Well, sure, you can call it that. It seems a bit misleading to me, in the sense that usually “failure of capabilities” implies “If we can make more capable AIs, the problem goes away”. Here, the question is whether “smart enough to figure out how to keep its goals stable” comes before or after “smart enough to be dangerous if its goals drift” during the learning process. If we develop approaches to make more capable AIs, that’s not necessarily helpful for switching the order of which of those two milestones happens first. Maybe there’s some solution related to careful cultivation of differential capabilities. But I would still much rather that we humans solve the problem in advance (or prove that it’s unsolvable). :-P
if you have a 95% correct definition of corrigibility the resulting agent will help us get to the 100% version.

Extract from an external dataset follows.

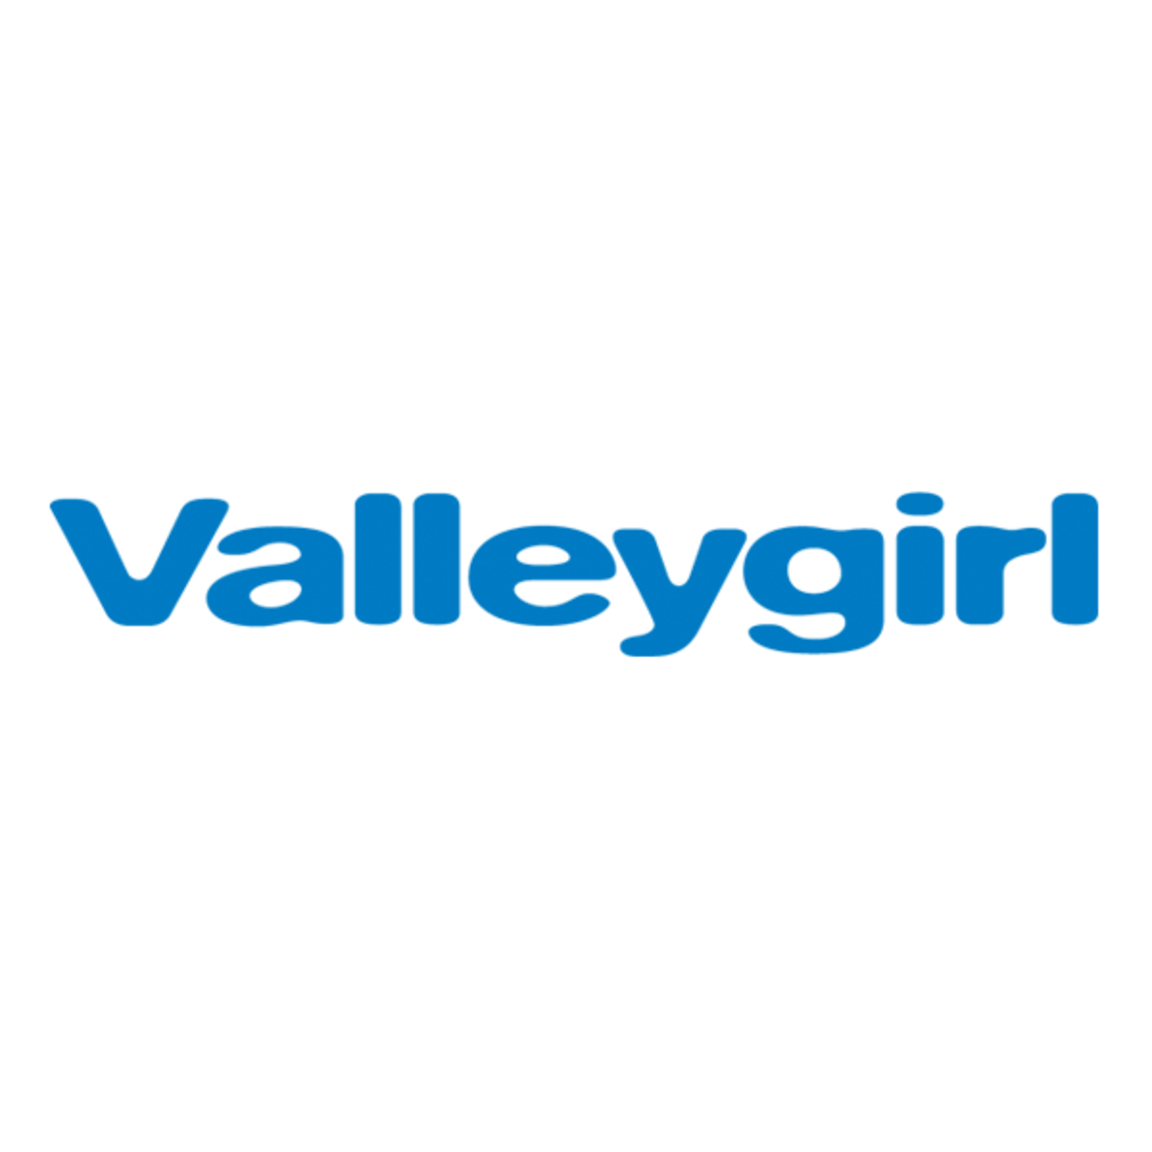 Valleygirl.png

I guess my response would be that something pursuing a goal of Always do what the supervisor wants me to do* [*...but I don’t want to cause the extinction of amazonian frogs] might naively seem to be >99.9% corrigible—the amazonian frogs thing is very unlikely to ever come up!—but it is definitely not corrigible, and it will work to undermine the supervisor’s efforts to make it 100% corrigible. Maybe we should say that this system is actually 0% corrigible? Anyway, I accept that there is some definition of “95% corrigible” for which it’s true that “a 95% corrigible agent will help us make it 100% corrigible”. I think that finding such a definition would be super-useful. :-)
Interesting, that’s not how I interpret the argument. I usually think of goal stability is something that improves as the agent becomes more intelligent; to the extent that a goal isn’t stable we treat it as a failure of capabilities. Totally possible that this leads to catastrophic outcomes, and seems good to work on if you have a method for it, but it isn’t what I’m usually focused on.
For me, the intuition behind “broad basin of corrigibility” is that if you have an intelligent agent (so among other things, it knows how to keep its goals stable) then if you have a 95% correct definition of corrigibility the resulting agent will help us get to the 100% version.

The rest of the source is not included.